Could you output the listing that follows exactly, without its images?
-------- Information shown --------
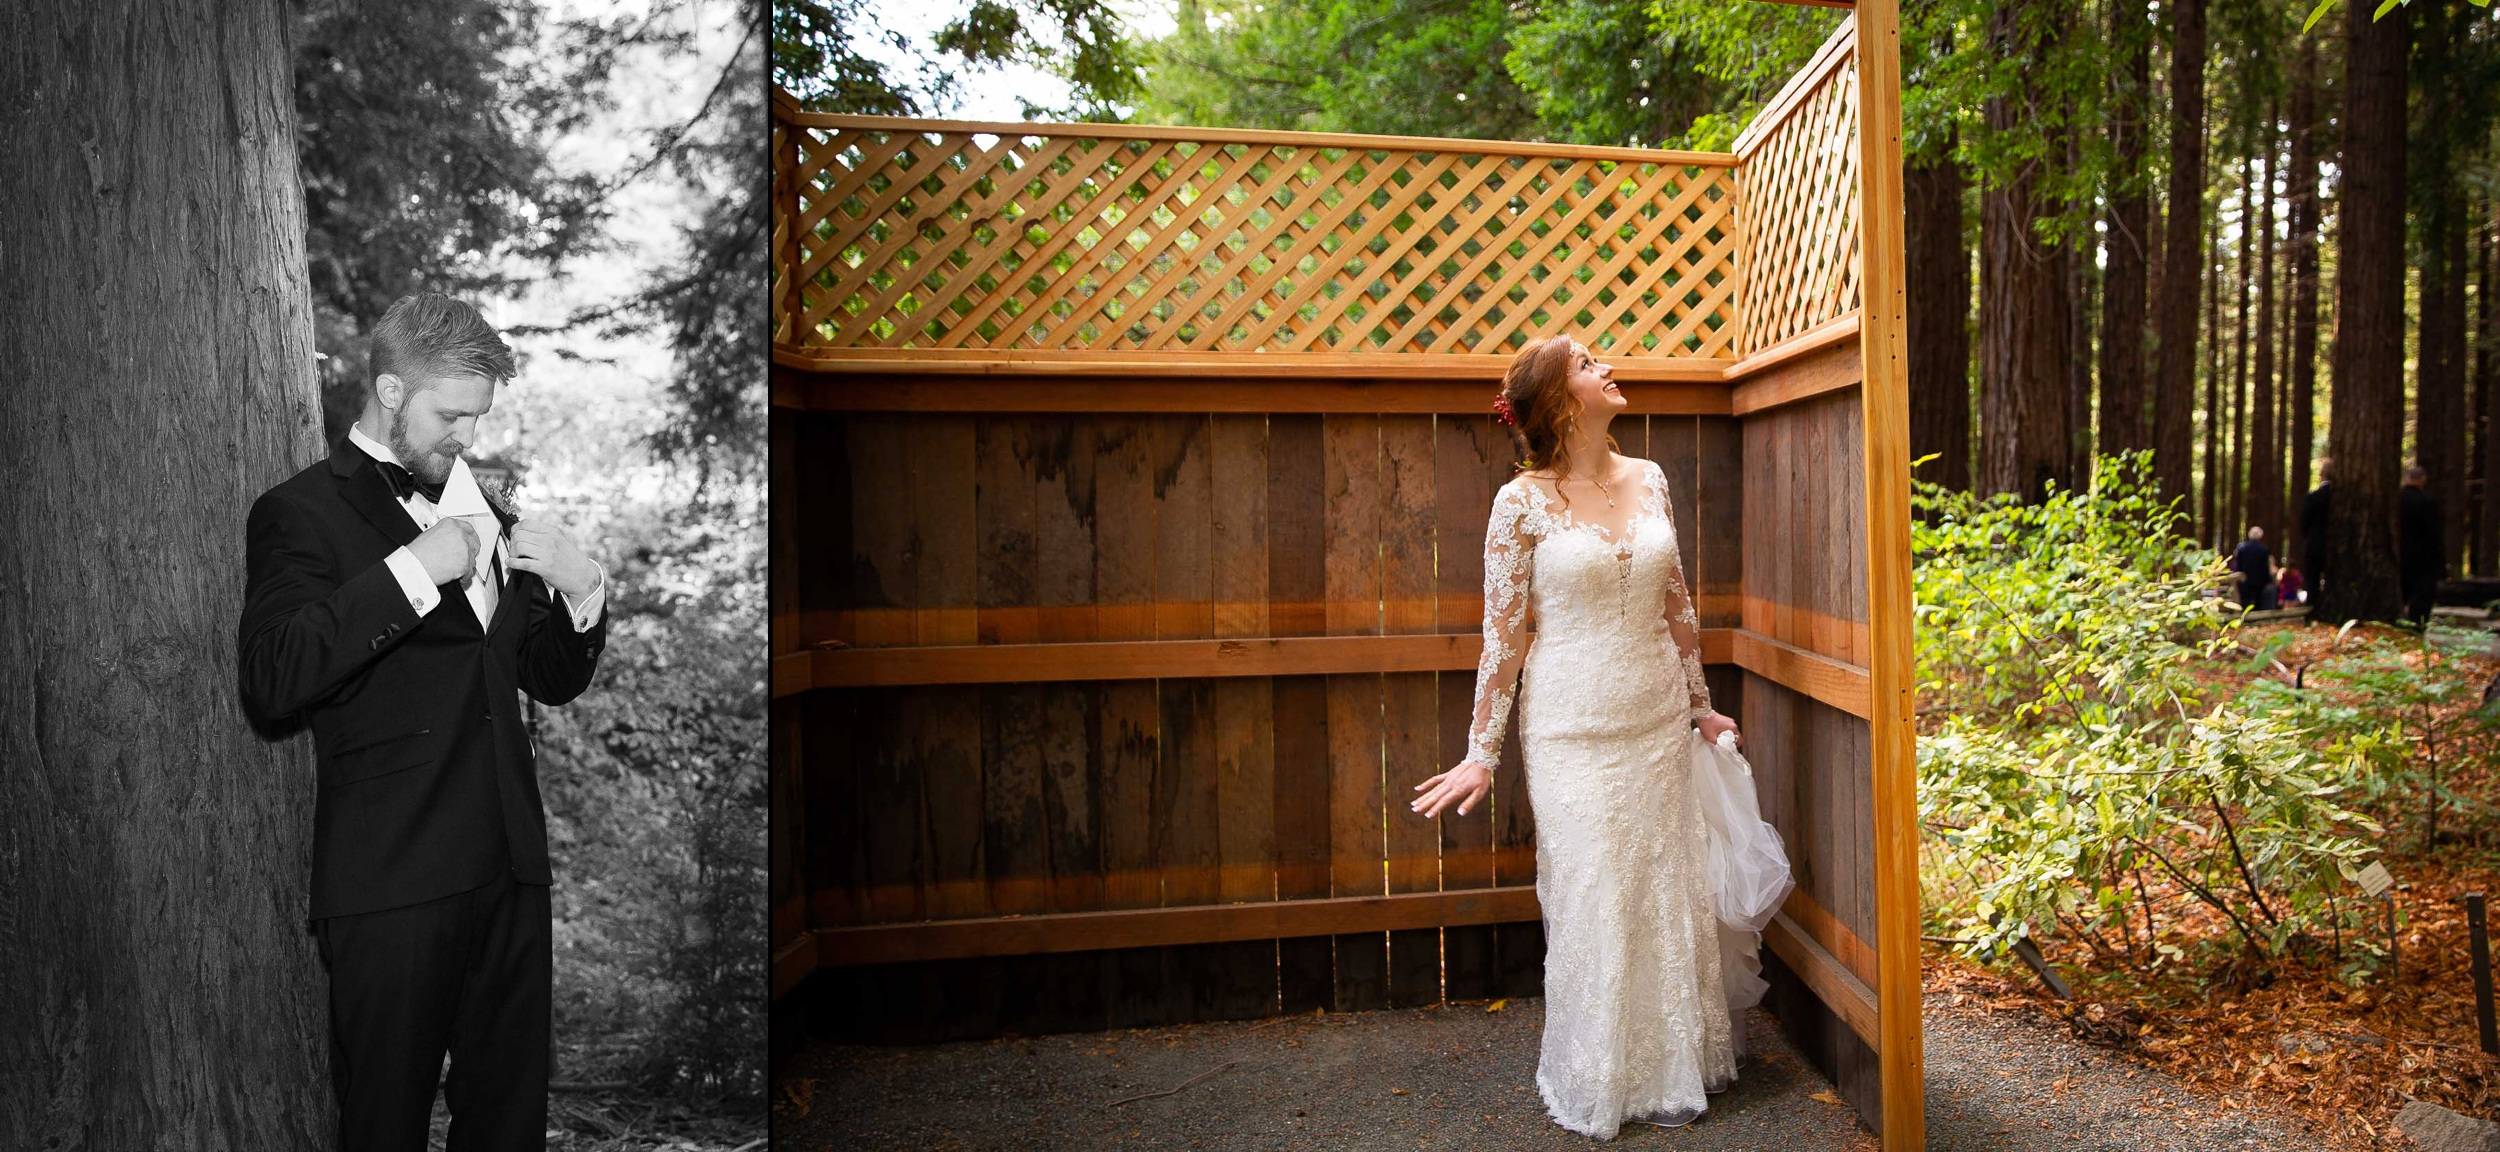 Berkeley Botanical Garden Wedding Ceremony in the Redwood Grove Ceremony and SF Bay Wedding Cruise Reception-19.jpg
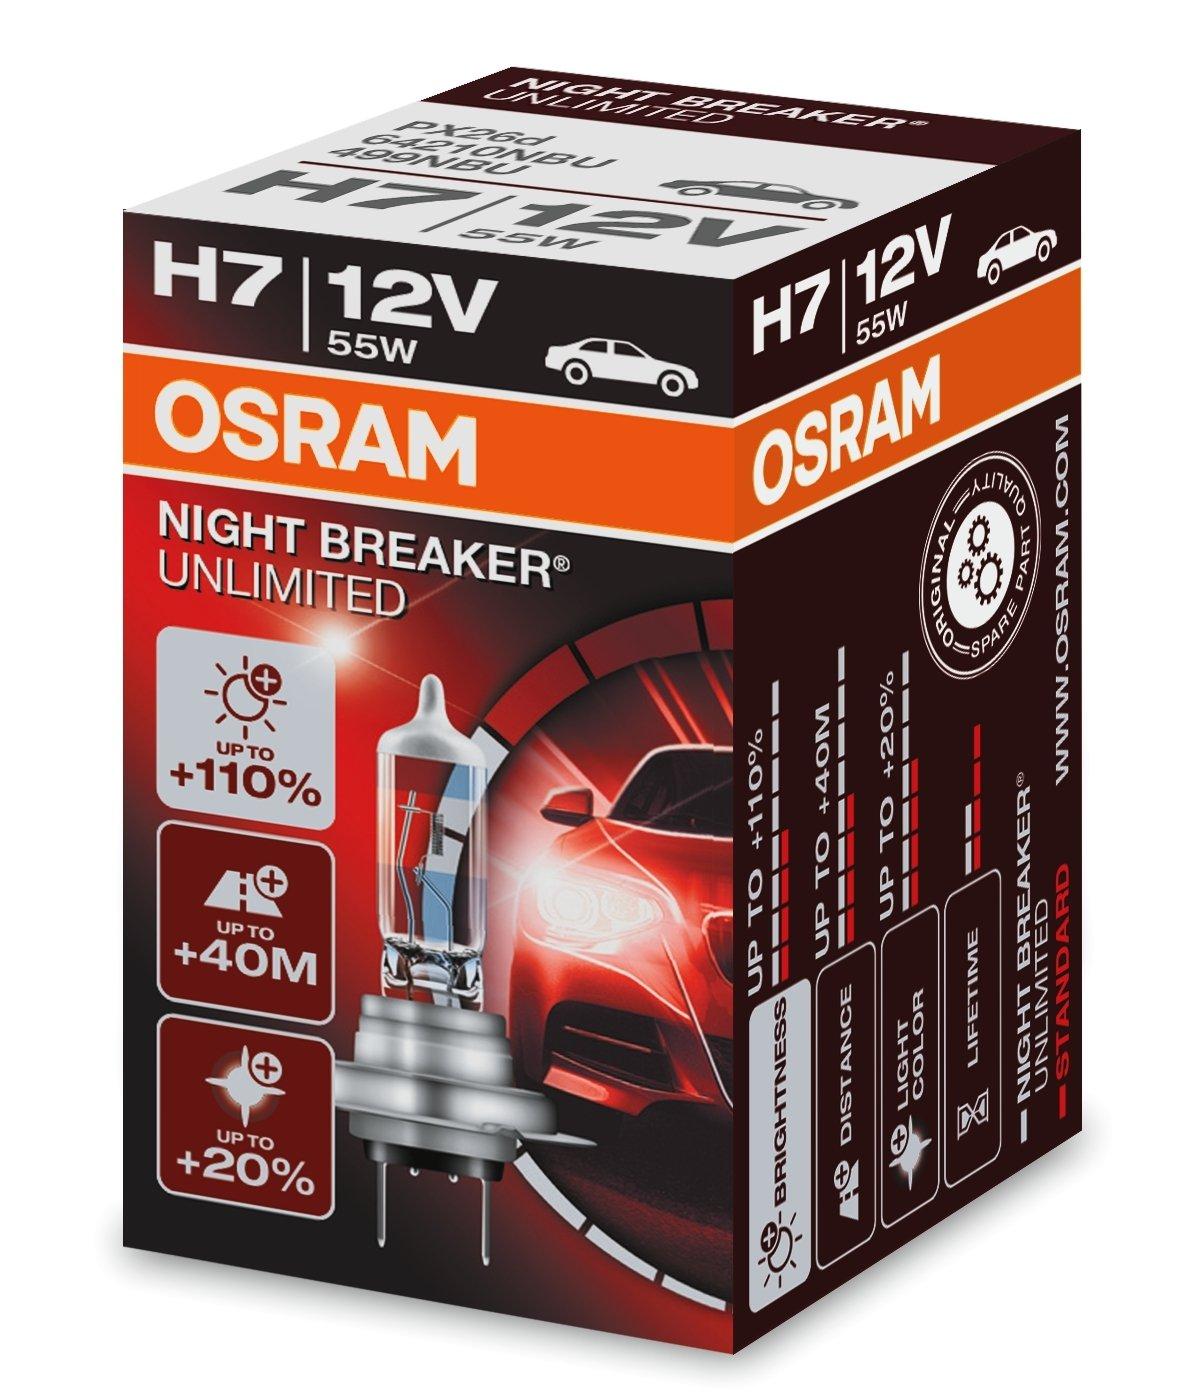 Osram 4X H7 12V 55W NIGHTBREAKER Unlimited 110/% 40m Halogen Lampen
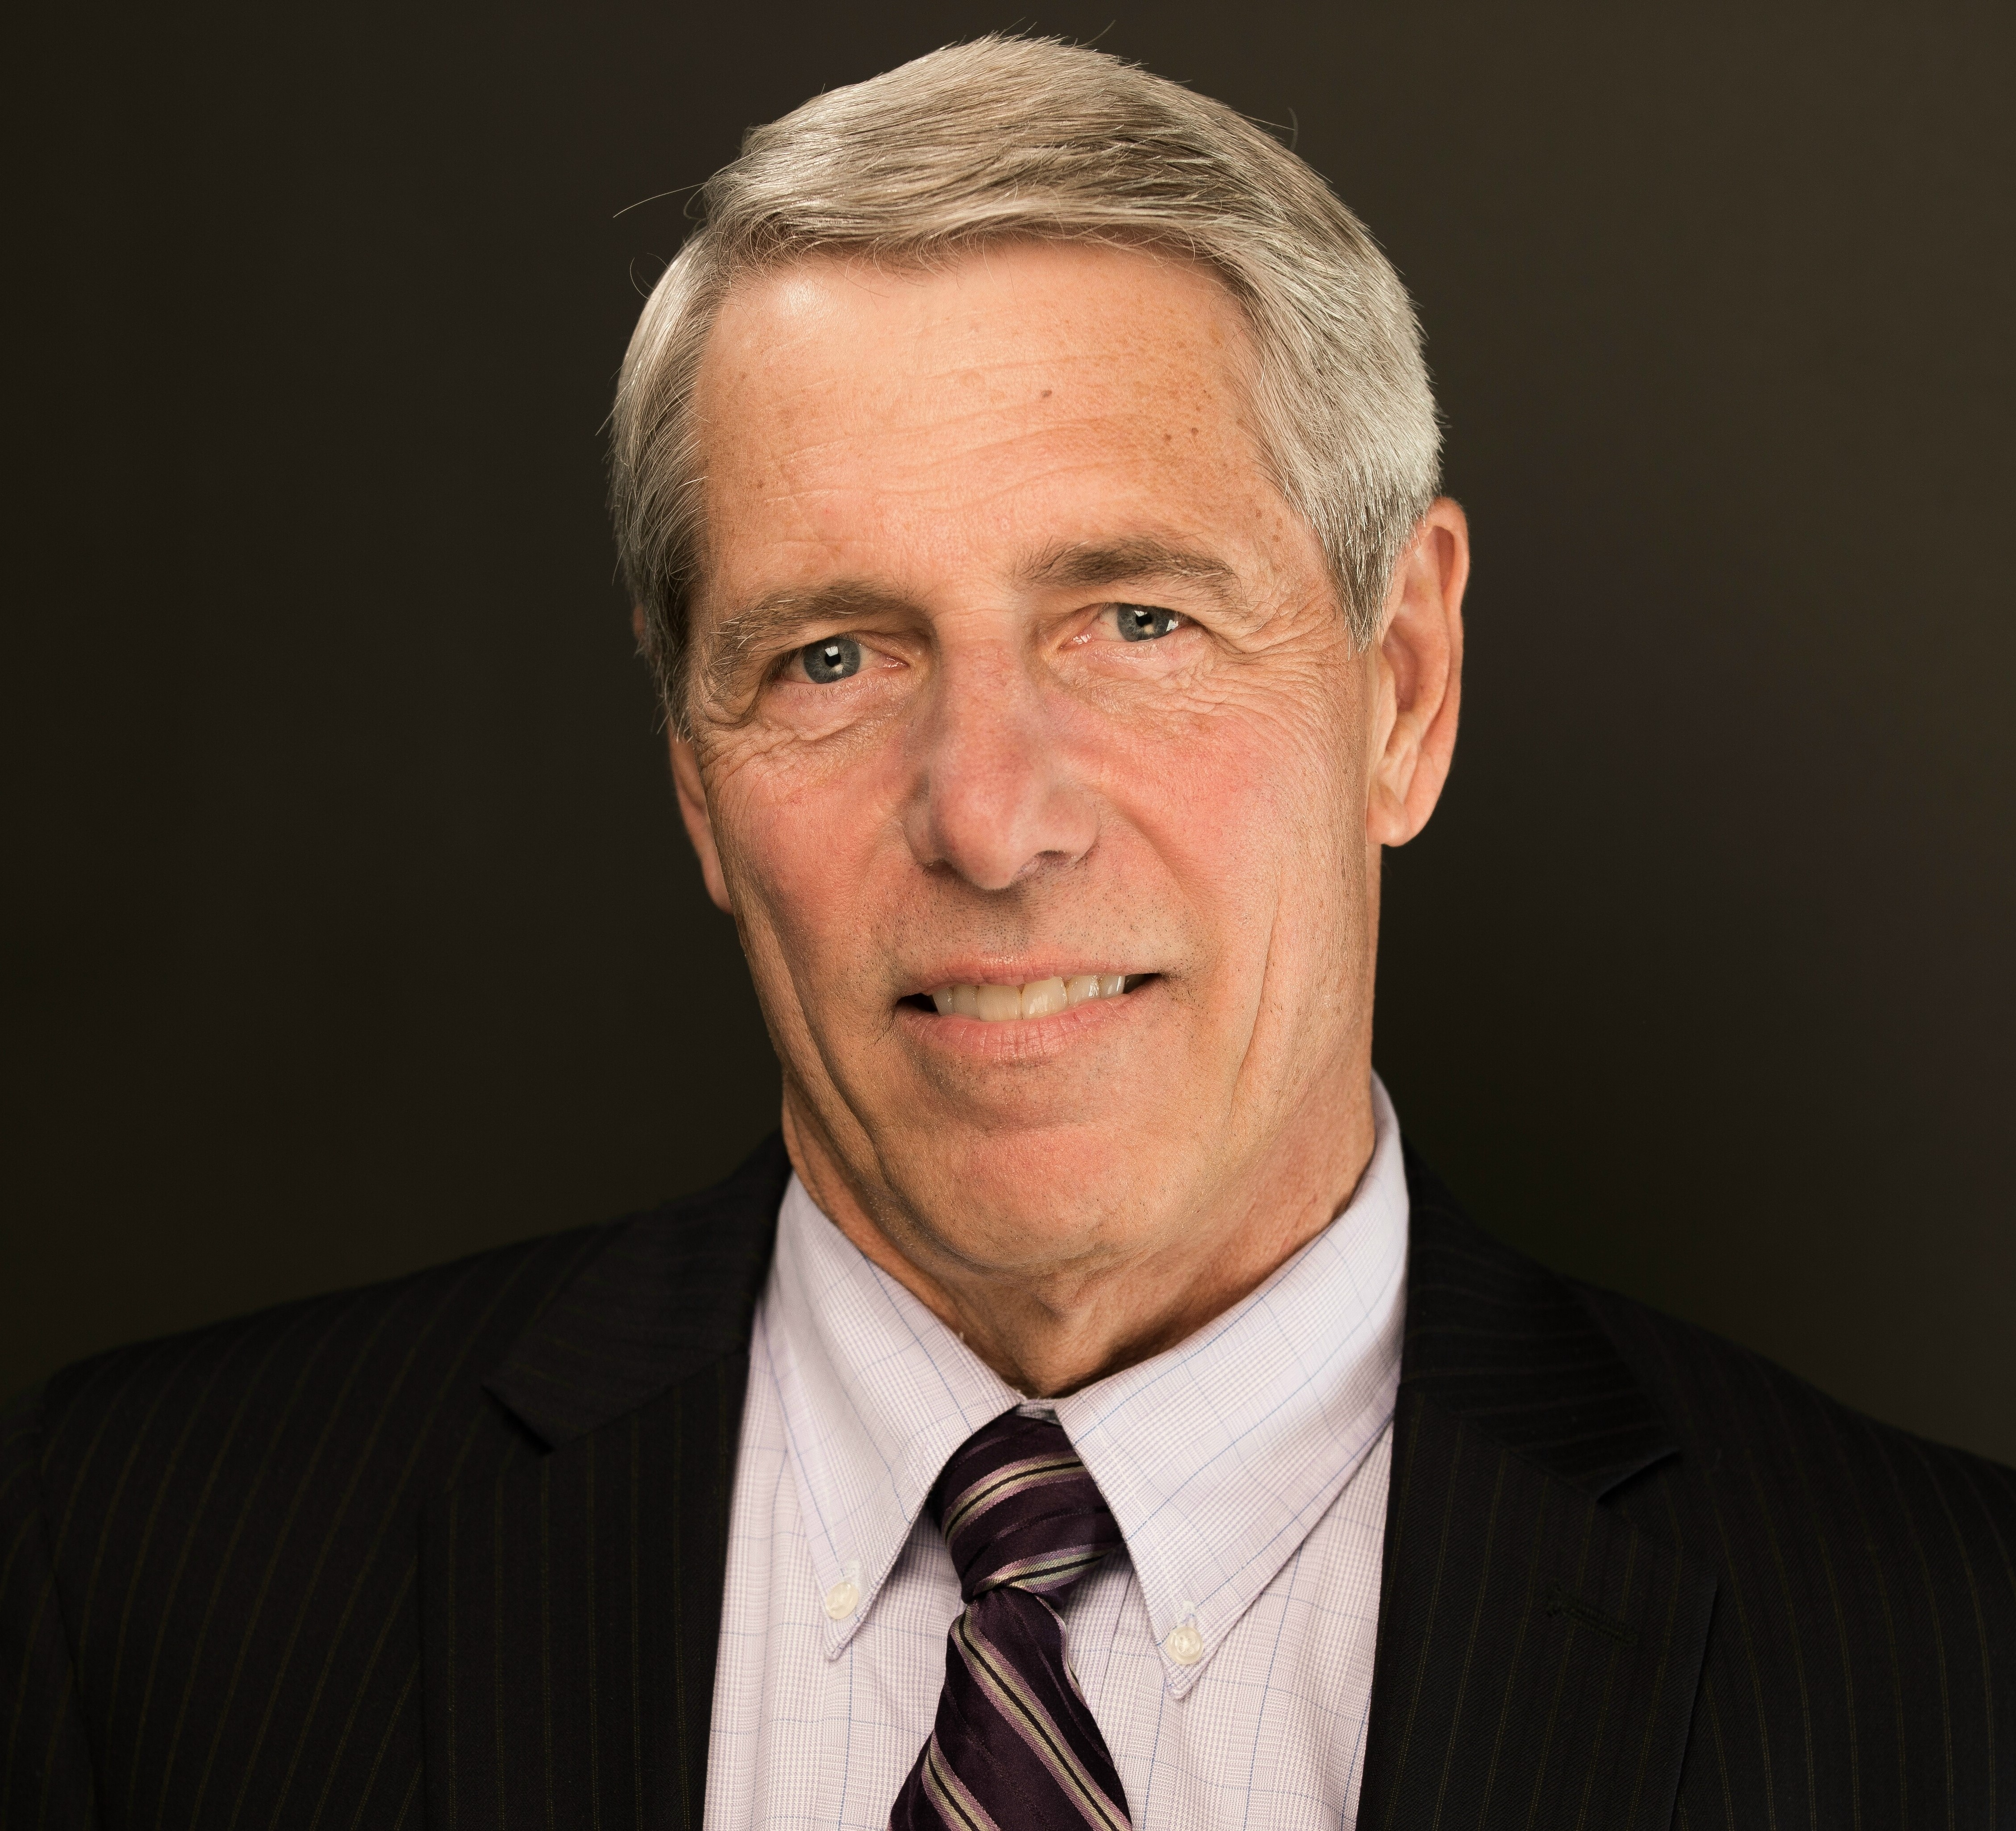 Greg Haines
--------
**Task solution:**
 Berkeley Botanical Garden Wedding Ceremony in the Redwood Grove Ceremony and SF Bay Wedding Cruise Reception-19.jpg
 Osram 4X H7 12V 55W NIGHTBREAKER Unlimited 110/% 40m Halogen Lampen
 Greg Haines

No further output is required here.